L’errore del presidente del Consiglio è stato proprio quello di non cambiare subito la legge elettorale. Come ricorderete, all’inizio, quando il neosegretario del Pd decise di fare l’accordo per le riforme con Silvio Berlusconi, il sistema per votare era considerato la priorità delle priorità e nessuno ancora aveva affrontato il tema dell’abolizione del Senato. Certo, cancellare Palazzo Madama restava un progetto del premier, ma l’agenda di Renzi prevedeva altro. A costringere il Rottamatore a rottamare la sua stessa legge è stato il suo partito, che ha voluto anticipare la questione del bicameralismo perfetto, rinviando l’approvazione della legge elettorale.
Così ora il premier si trova in mezzo al guado, anzi nel pantano: non ha portato a termine l’approvazione definitiva delle norme che regolano la scelta dei parlamentari, ma intanto ha puntato tutte le sue carte elettorali, in vista del voto per le Europee, sulla cancellazione di Province e Senato e sugli 80 euro in busta paga.

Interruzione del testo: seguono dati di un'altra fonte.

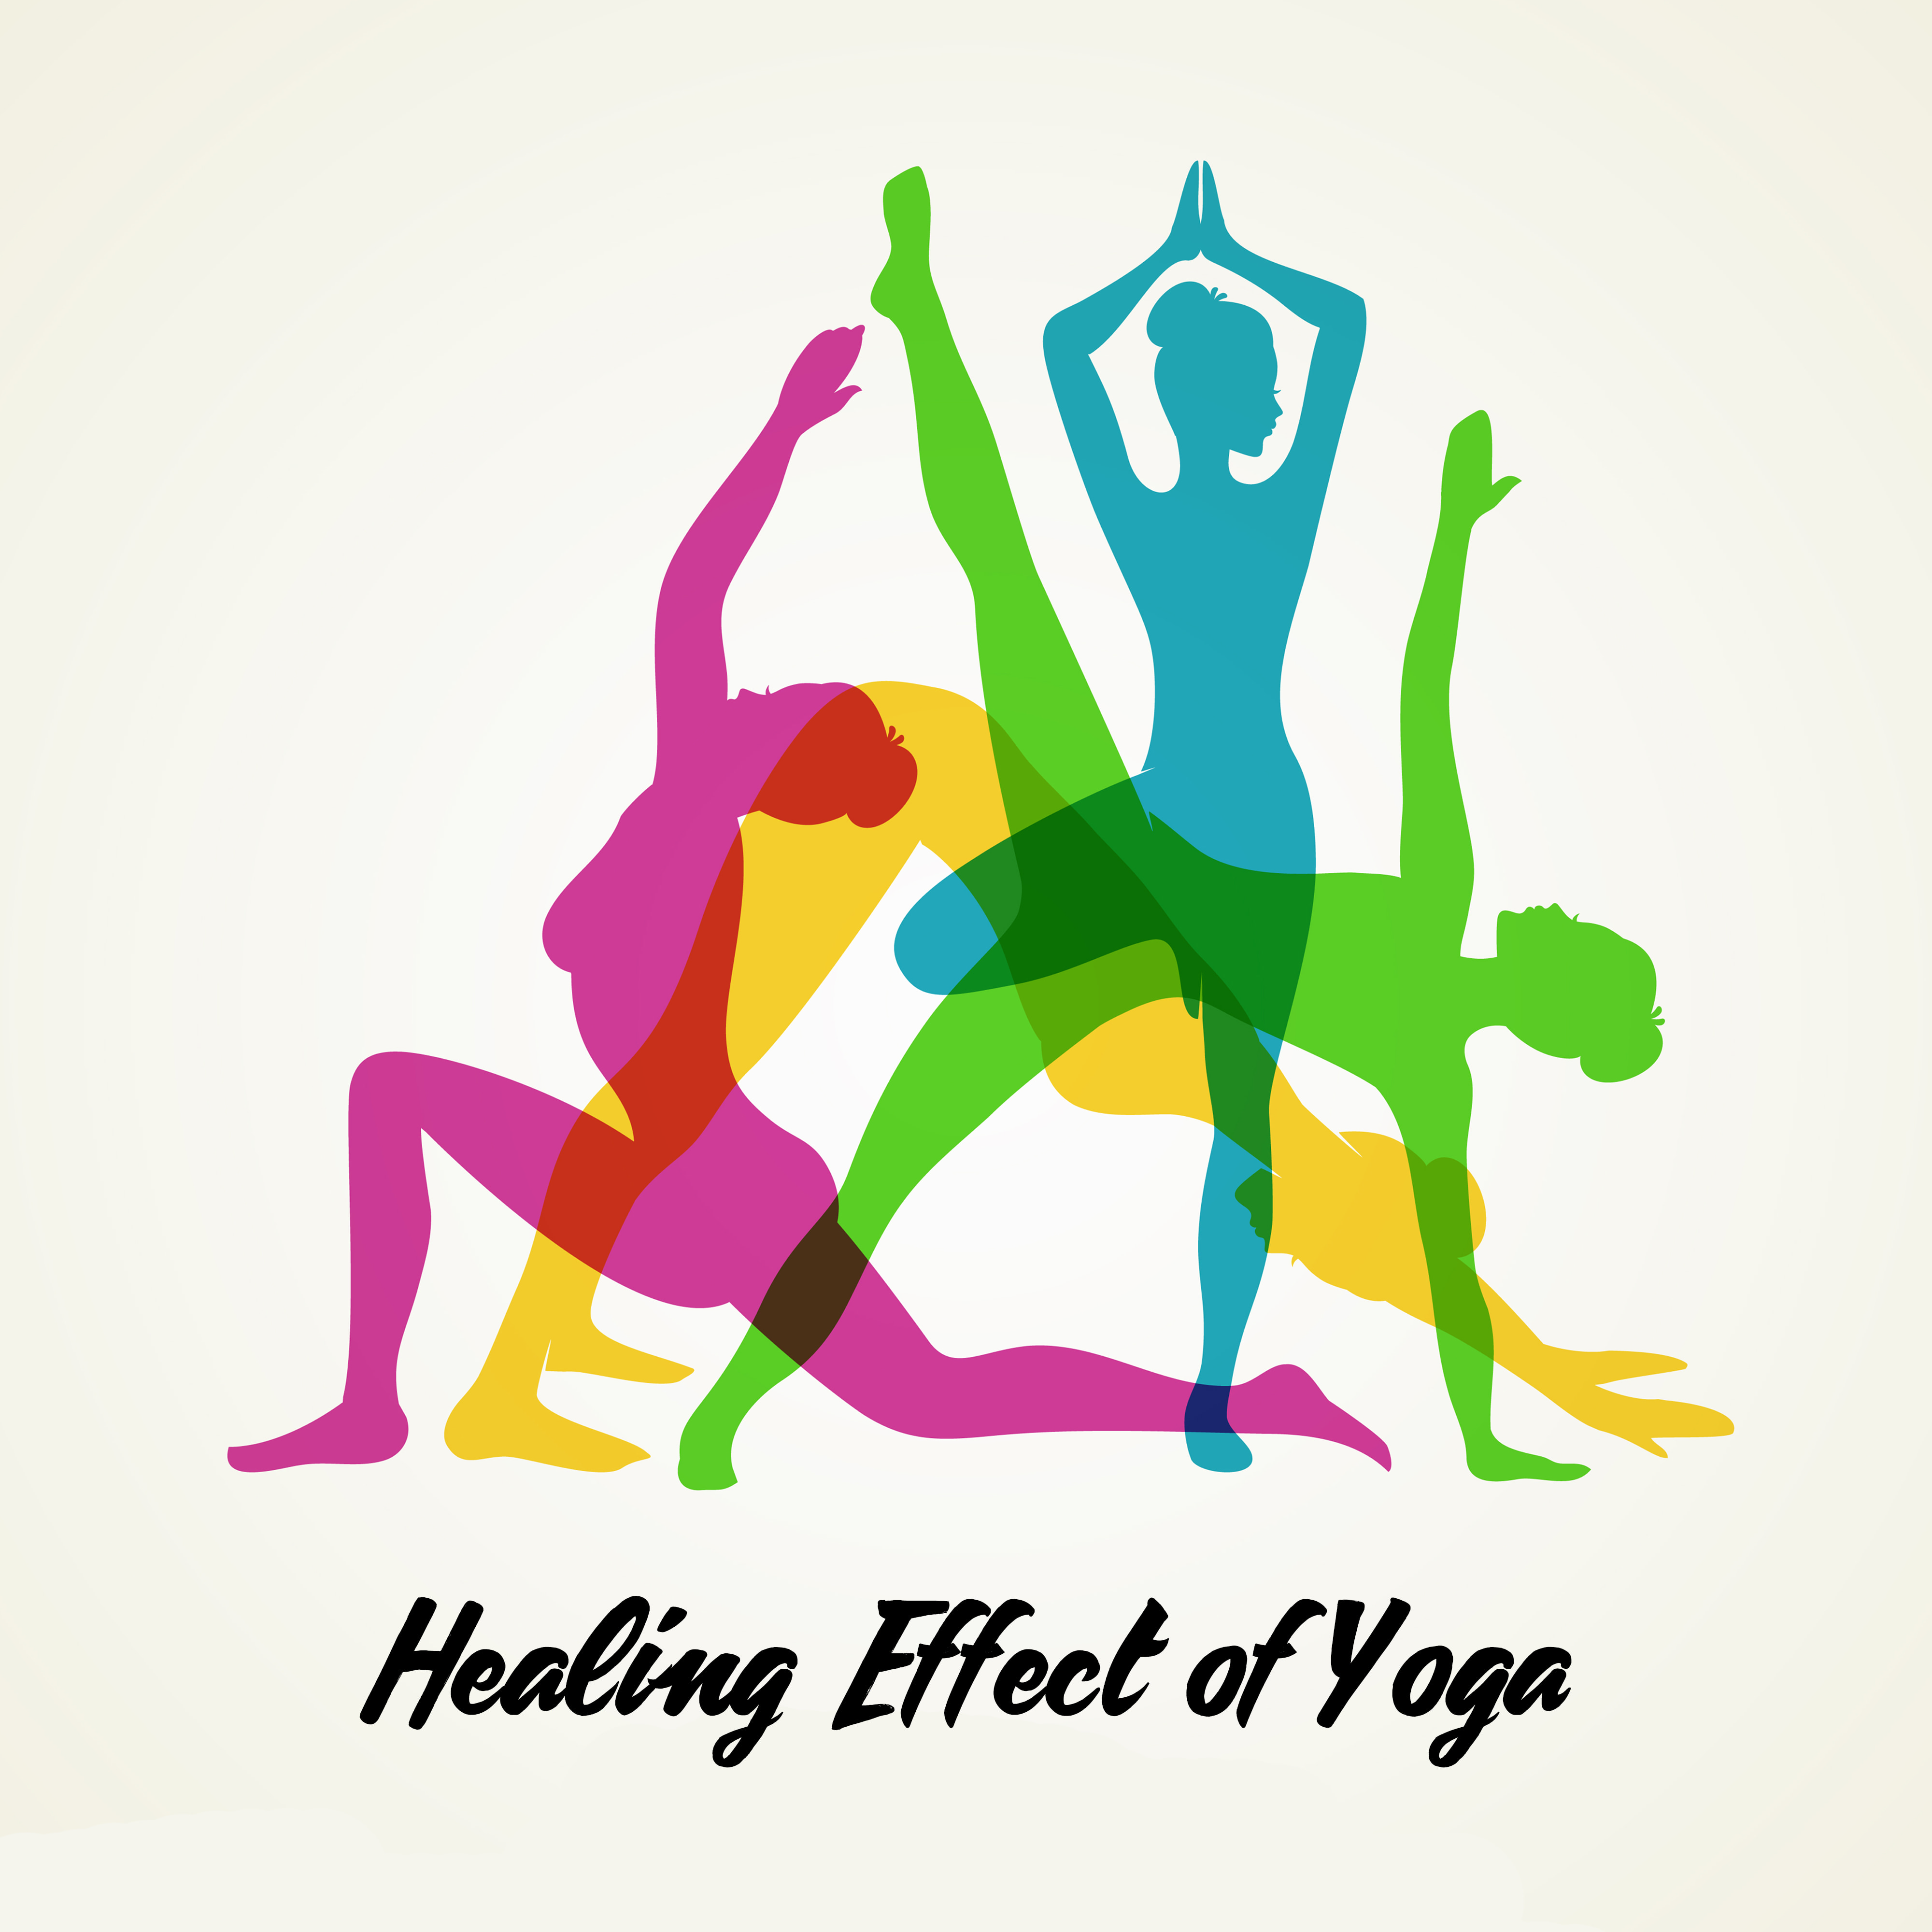 Healing Effect of Yoga

E però, se con la legge elettorale poteva sempre minacciare i riottosi di mandarli a casa e di non farli tornare mai più, adesso la minaccia è spuntata e i gattopardi del Pd, alleati con quelli di altri partiti, potrebbero metterlo con le spalle al muro.
Insomma, in vista delle elezioni Renzi si è giocato tutto ma rischia anche di perdere tutto. Ce la farà? Difficile rispondere, anche perché ha contro gli intellettuali di complemento, quel blocco reazionario che in nome dell’antifascismo ha sempre impedito ogni cosa. Soprattutto di voltare pagina.